Tried to schedule, but the 4th isn't on tivo.com or Yahoo TV yet...


----------



## BigT4187 (Jul 24, 2006)

Great news! Thanks for the info!


----------



## MountainMan41 (Feb 28, 2005)

Thanks much for the heads up. I am looking forward to the new season with Phil and the new contestants.


----------



## eddyj (Jun 20, 2002)

Is it going to be HD or still SD?


----------



## JLucPicard (Jul 8, 2004)

I'm sure it will still be SD.


----------



## mhn2 (Sep 10, 2003)

TAR12 showed up in my guide data as The Amazing Race 12 this morning. I was able to setup a new season pass for it.


----------



## ThAbtO (Apr 6, 2000)

I haven't set a season pass to record Amazing Race and I have never missed a single episode. Because of the changing titles for each race, I have set a auto-recording wishlist for "Amazing Race." I haven't missed a single race since perhaps 'Amazing Race 3.' The only drawback is it will catch any "Amazing Race" in a show's description and record it as well, but its easy to just delete them.


----------



## trainman (Jan 29, 2001)

ThAbtO said:


> I haven't set a season pass to record Amazing Race and I have never missed a single episode. Because of the changing titles for each race, I have set a auto-recording wishlist for "Amazing Race." I haven't missed a single race since perhaps 'Amazing Race 3.' The only drawback is it will catch any "Amazing Race" in a show's description and record it as well, but its easy to just delete them.

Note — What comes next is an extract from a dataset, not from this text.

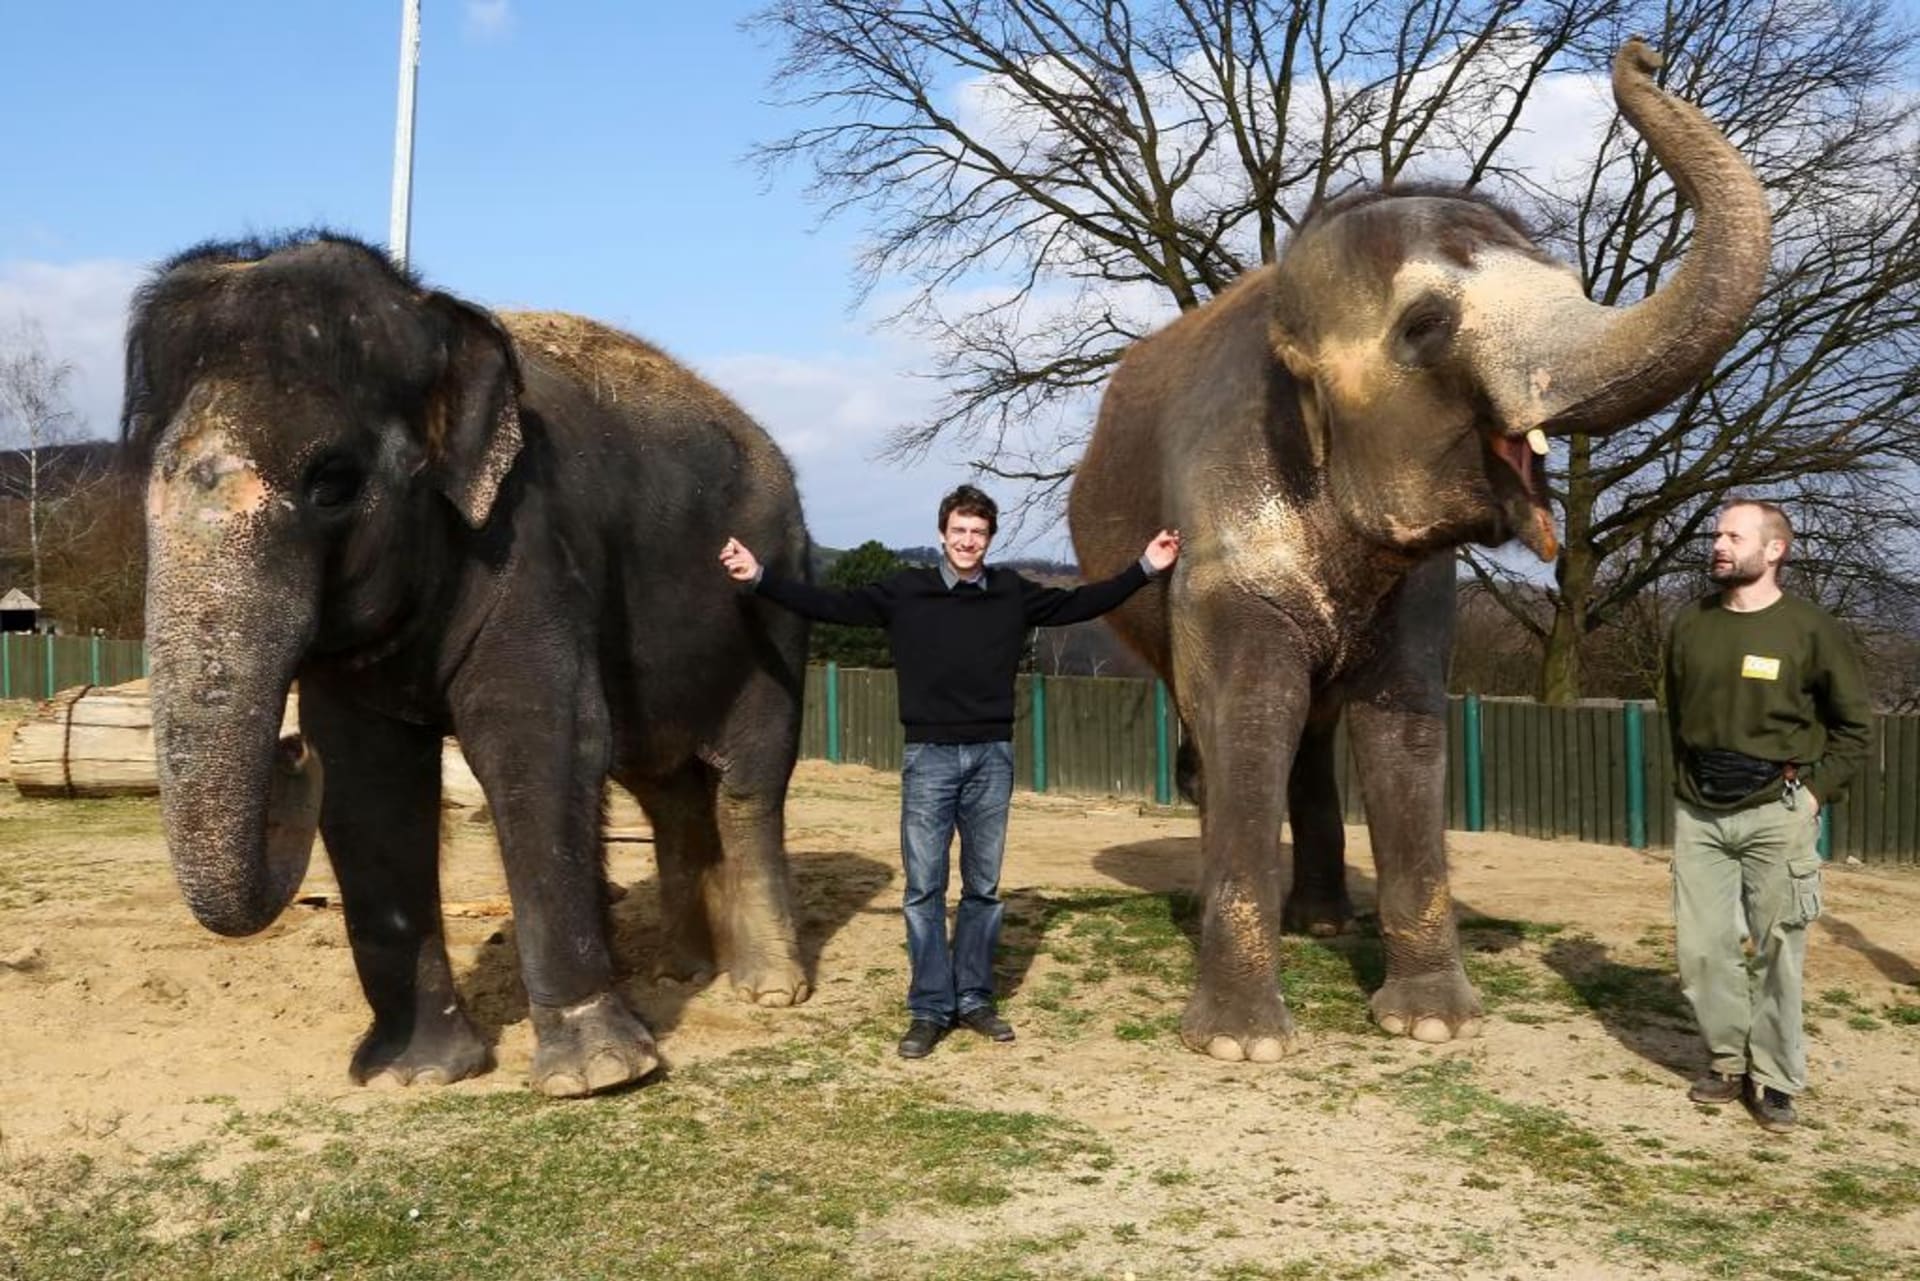 "Fascinují mě sloni," říká Martin Kraus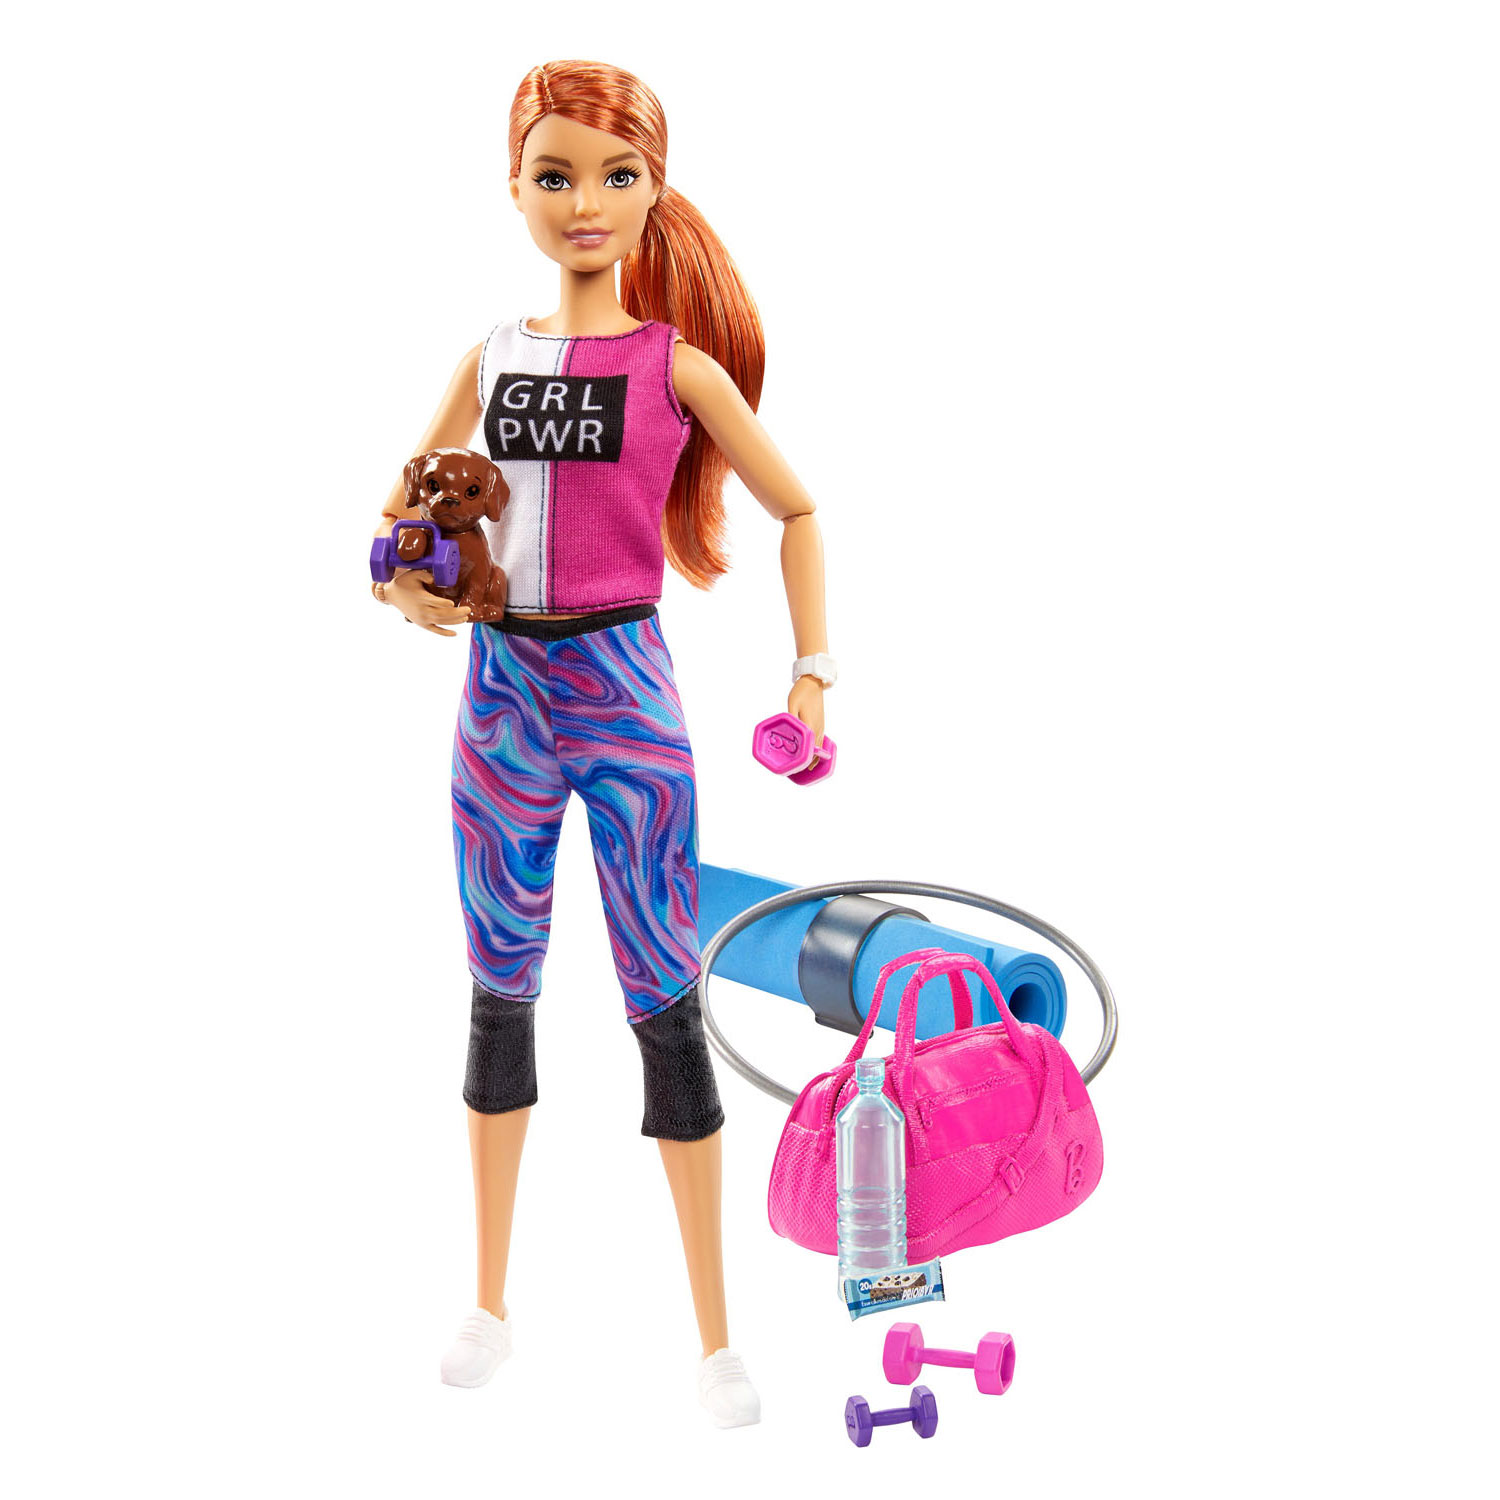 Dislocatie bad Regeringsverordening Barbie Wellness - Yoga Barbiepop online kopen? | Lobbes Speelgoed

Guess you don't get GSN, huh? (If you did, you would have been going crazy deleting their "Amazing Race" reruns from your To Do list.)


----------



## ThAbtO (Apr 6, 2000)

Only CBS.


----------



## mhn2 (Sep 10, 2003)

ThAbtO said:


> I haven't set a season pass to record Amazing Race and I have never missed a single episode. Because of the changing titles for each race, I have set a auto-recording wishlist for "Amazing Race." I haven't missed a single race since perhaps 'Amazing Race 3.' The only drawback is it will catch any "Amazing Race" in a show's description and record it as well, but its easy to just delete them.


Narrow your search down to "Amazing Race 12." That's how it came in on mt guide.


----------



## AccidenT (Oct 25, 2004)

mhn2 said:


> Narrow your search down to "Amazing Race 12." That's how it came in on mt guide.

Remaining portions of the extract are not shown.